8 Tips To Have A Better Posture
Beyond making us look bad and causing back or headaches, poor posture can lead to more chronic and long-lasting problems. Chronic fatigue, herniated discs and poor body alignment can be the result of a poor position maintained over the years.
There are many causes of poor posture, some as common as being overweight, poor muscle tone, or incorrect posture from prolonged sitting or walking. Also sedentary lifestyle, prolonged use of electronic devices or poor position when lying down, among others, can make us have a bad posture.
A stable aesthetic position is one that keeps the body aligned and stable with the least possible expenditure of energy. To achieve this, it is important that the spinal column is maintained without any lateral deviation and that it does not bend either in its upper part, causing what we know as a “hump”, nor in its lower part “sticking out the tail”.
Luckily, there are methods to help improve posture right now.

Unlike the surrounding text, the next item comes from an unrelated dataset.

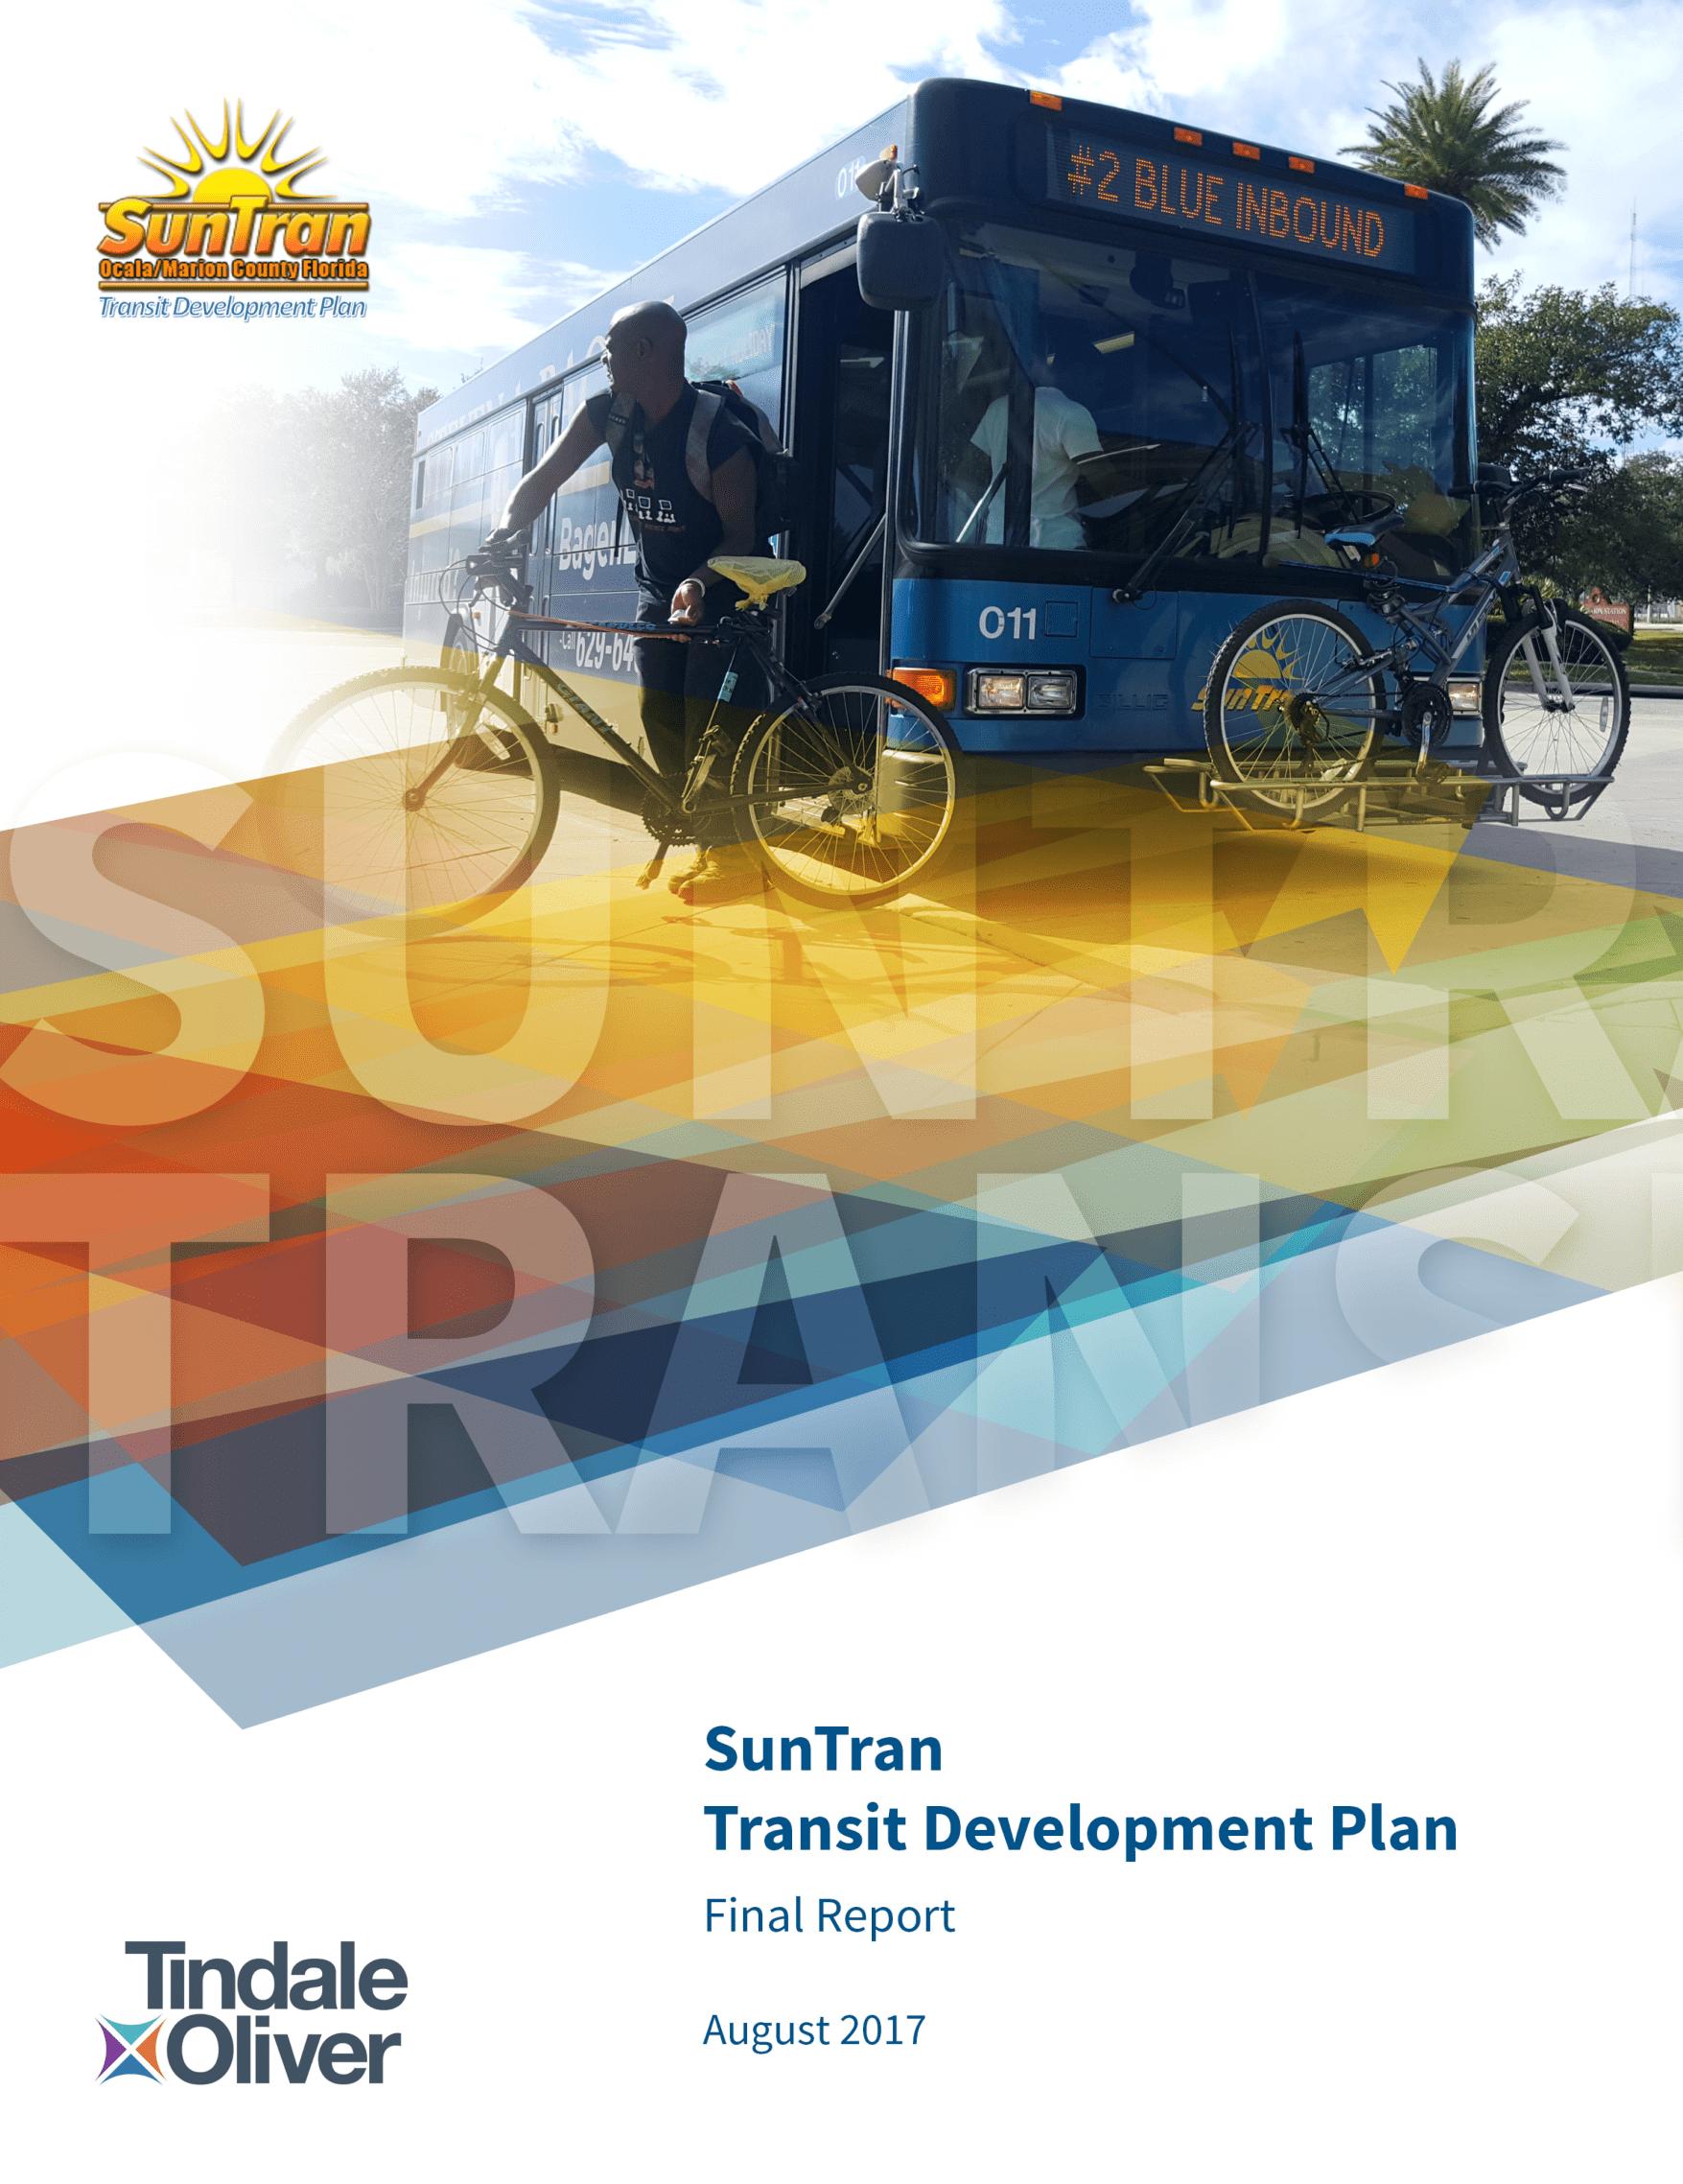 Transit Development Plan

Although the changes are noticeable over time, it is one of the best assets you can offer your body.
Look in the mirror
It is very helpful to stand in front of a full-length mirror while correcting your posture. You want to distribute the weight evenly on both feet, throwing your shoulders back so that they remain level.
You will know that you have assumed the correct position when you draw a straight imaginary line that goes through the back of the ear, over the shoulder, behind the hip and knee and through the ankle.
Lean against the wall
Another simple way to adopt a correct posture is to support your back and buttocks against the wall. To see if you stand properly, simply slide your hand between your hip and the wall.

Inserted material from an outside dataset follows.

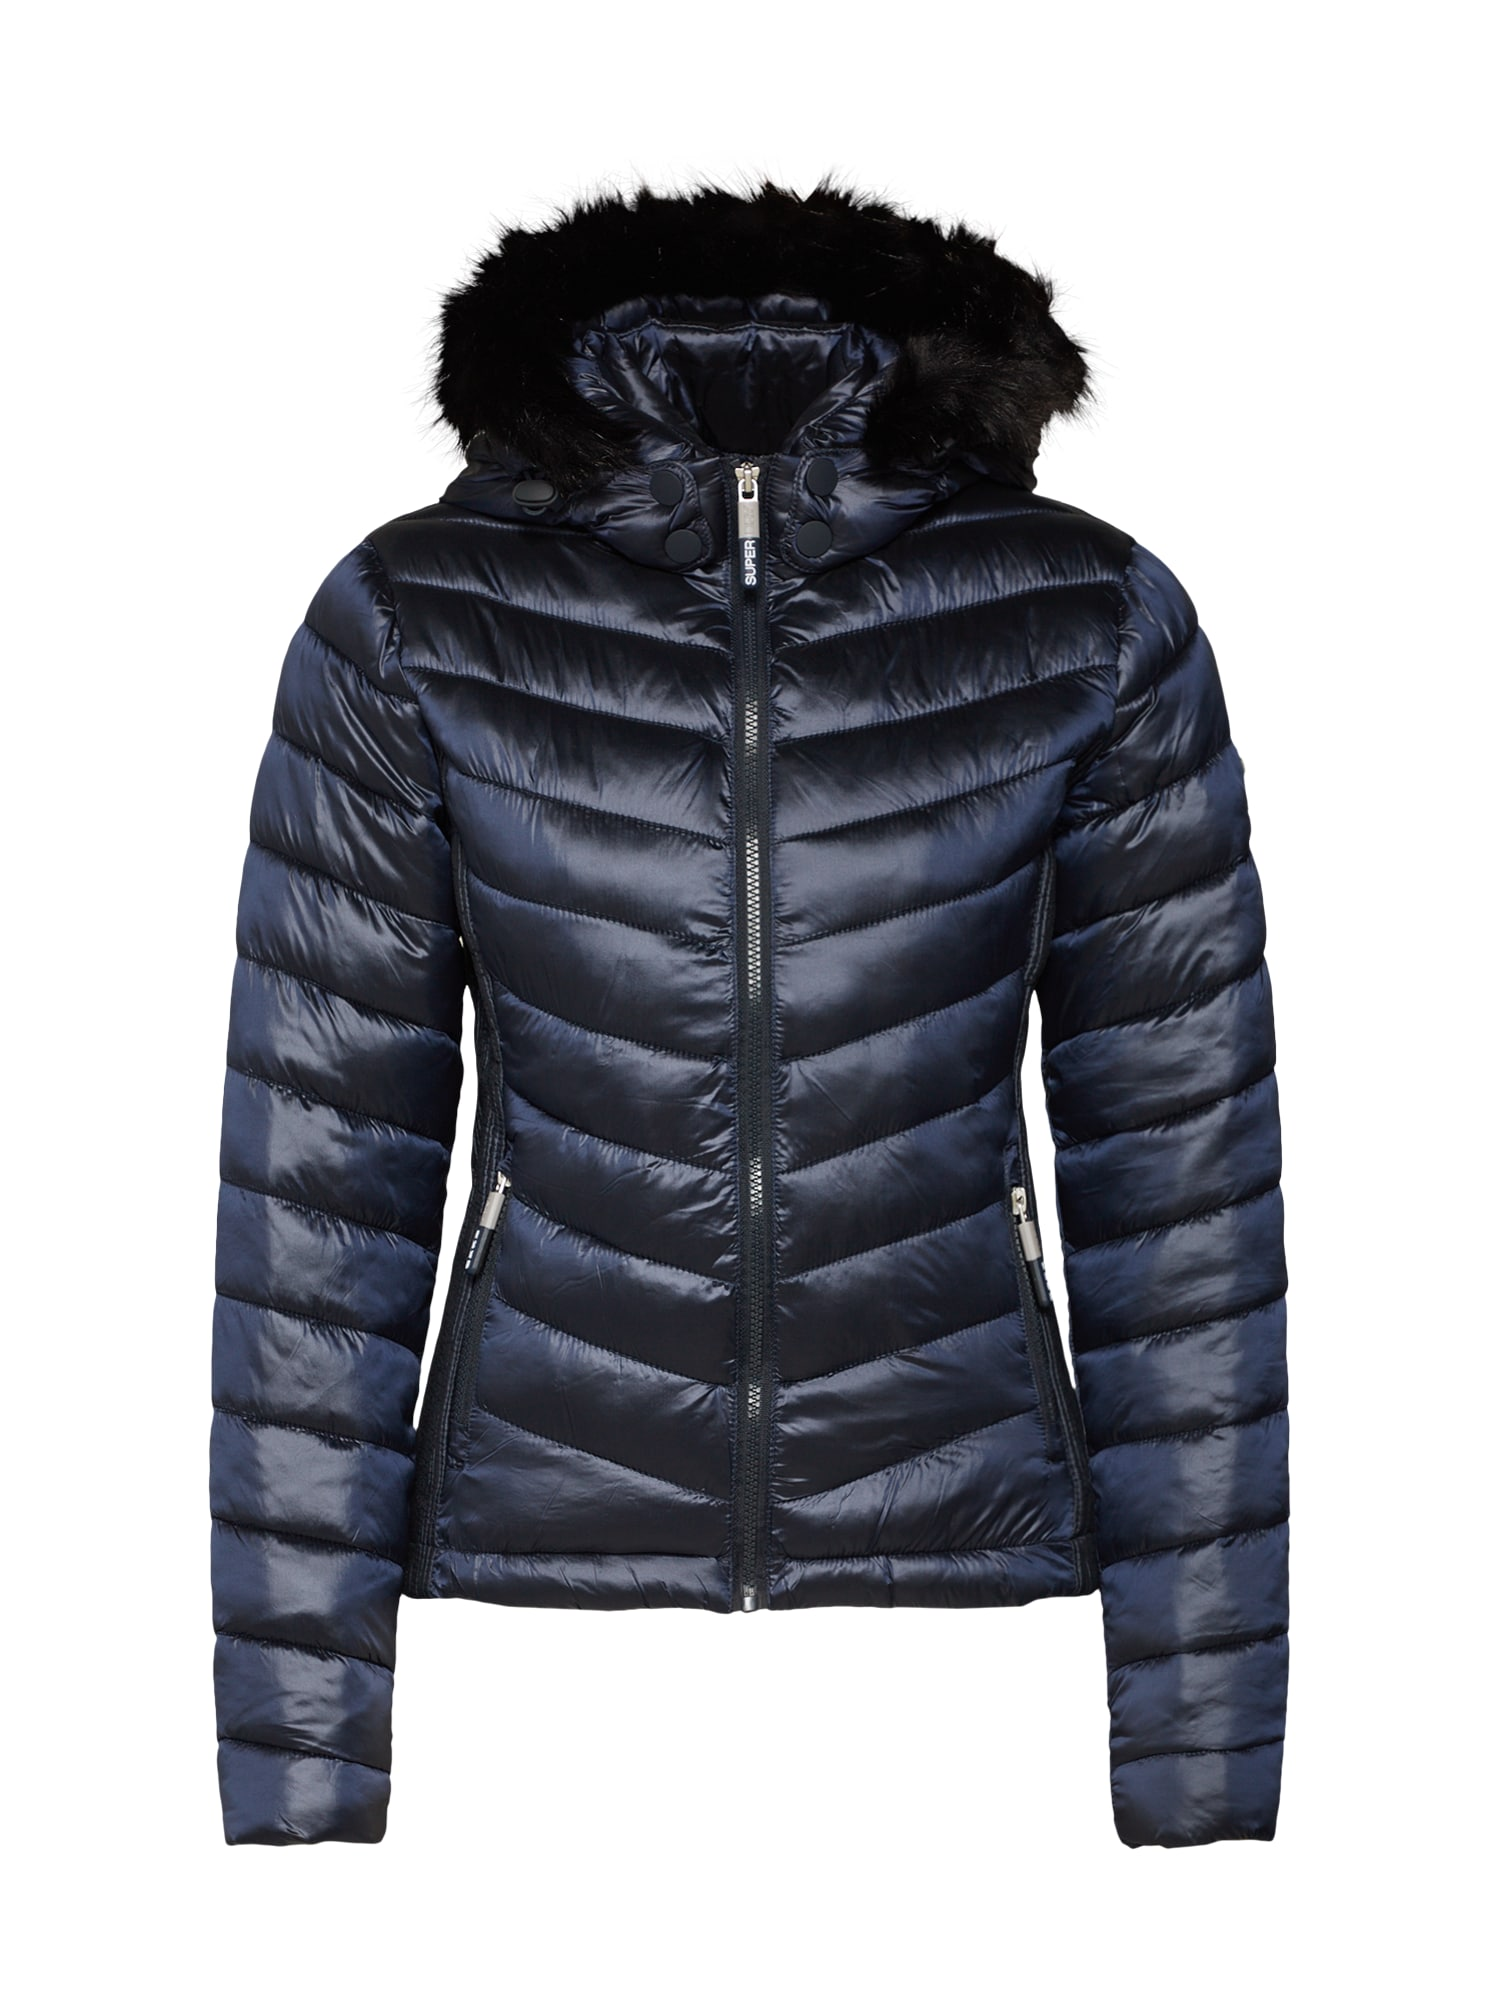 a80292068e6 Superdry Dames Winterjas Hooded Luxe Chevron Fuji Nachtblauw superdry kopen  in de aanbieding

If the hand does not go in or is tight, this indicates that you are too far to the right. If there is too much space, it indicates that you have problems.
Posture when sitting
Check that the back is straight, the shoulders back and down, and the soles of the feet flat on the floor. Poor posture while sitting can cause several health problems, studies indicate.
Remember that it is not good to cross your legs for a long time, as this can obstruct circulation and cause swollen legs or varicose veins.
When you stand
The chest should be up and the abdomen activated, since the abdominal muscles are what help us to stay stabilized. The weight of the body should be distributed between the two legs and the knees should be slightly bent.
To walk
When walking, we must also take care of our posture. The head should be kept upright and the neck upright. Avoid looking at the ground for a long time, as this can cause neck pain. Make sure you step on the heel of your foot first, then move to the tip.
When sleeping
The best posture for a good sleep is on your side and with your legs slightly tucked. This position helps to keep the spine aligned in the most correct way and, according to research from 1997, makes breathing easier, thus avoiding annoying snoring.

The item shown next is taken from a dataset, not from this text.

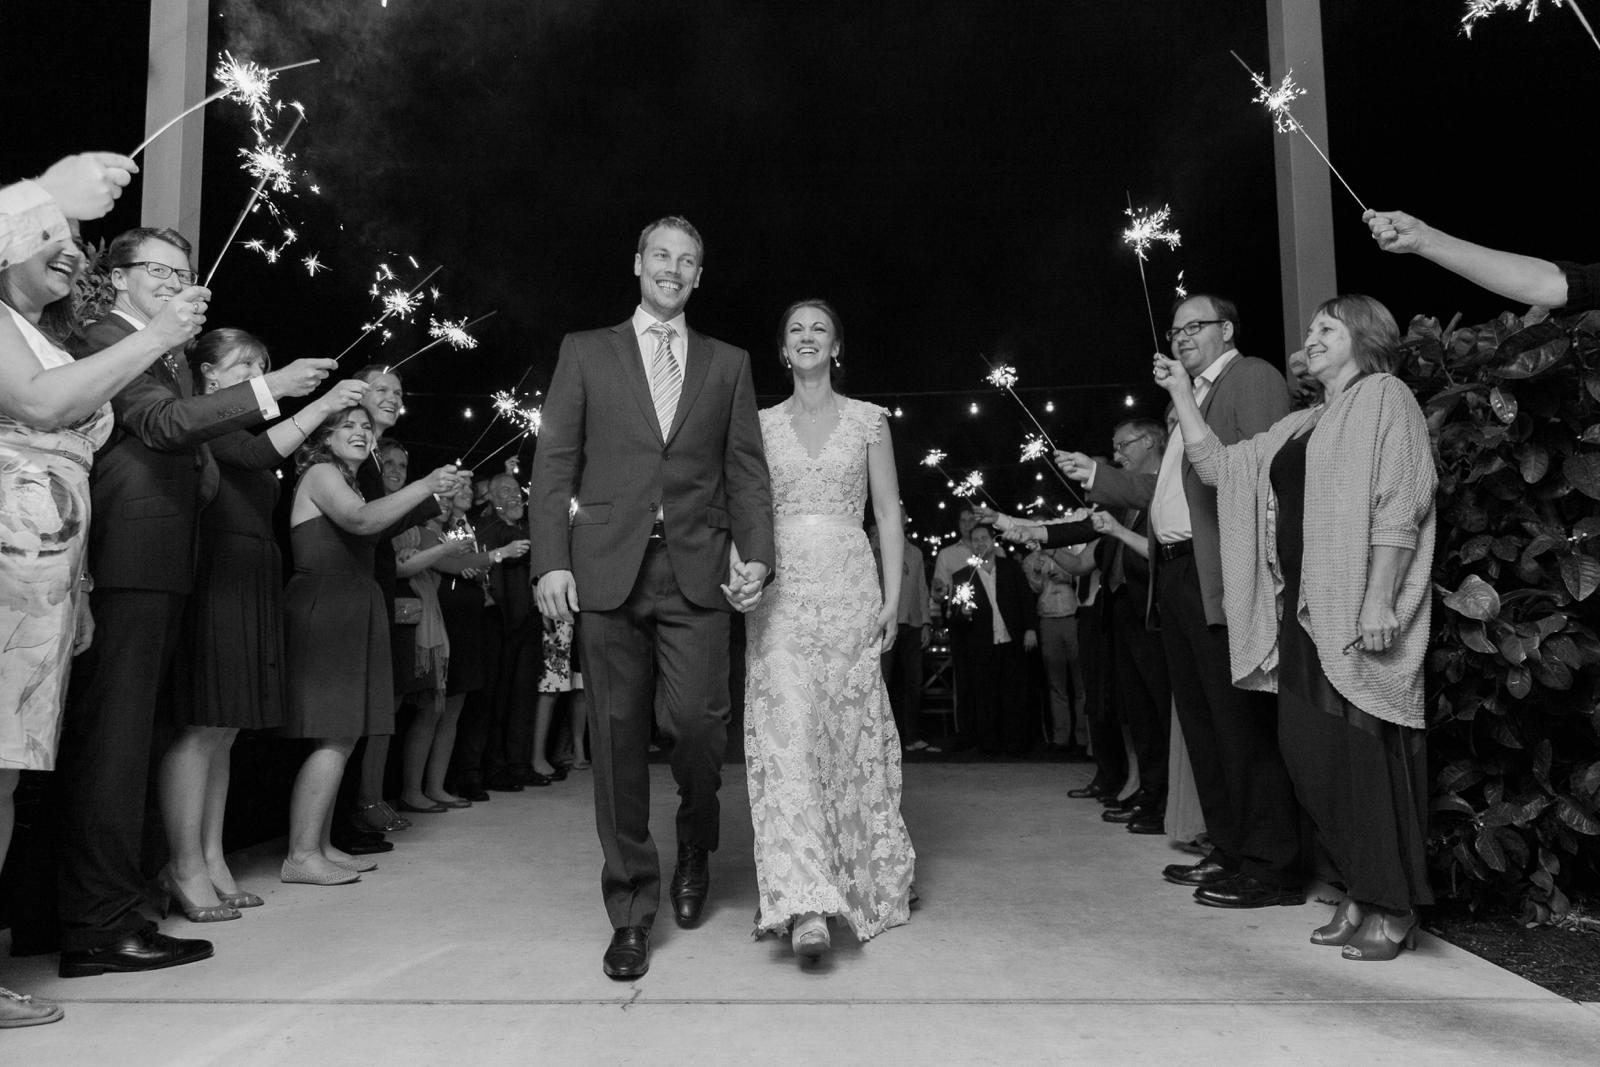 Yountville Wedding Photographer Meo Baaklini-Wedding Venue Longmeadow Ranch_0018.jpg

Sit on the edge of a chair
To maintain perfect posture, many experts recommend sitting on the edge of the chair so that your back remains straight and you cannot recline relaxed with the back of the chair. To maintain balance with this good posture, one foot should be tucked under the chair and the other foot extended in front.
Do exercise
Exercises are key to stretching the muscles and keeping them in optimal condition, which is important for maintaining good posture. It is recommended to walk, run, swim or do stretching exercises, among others, always taking care of your posture.
It is also very important that long-seated people take a break to stretch their muscles and check for good posture. The same should be done by those people who have to stand still for a long time.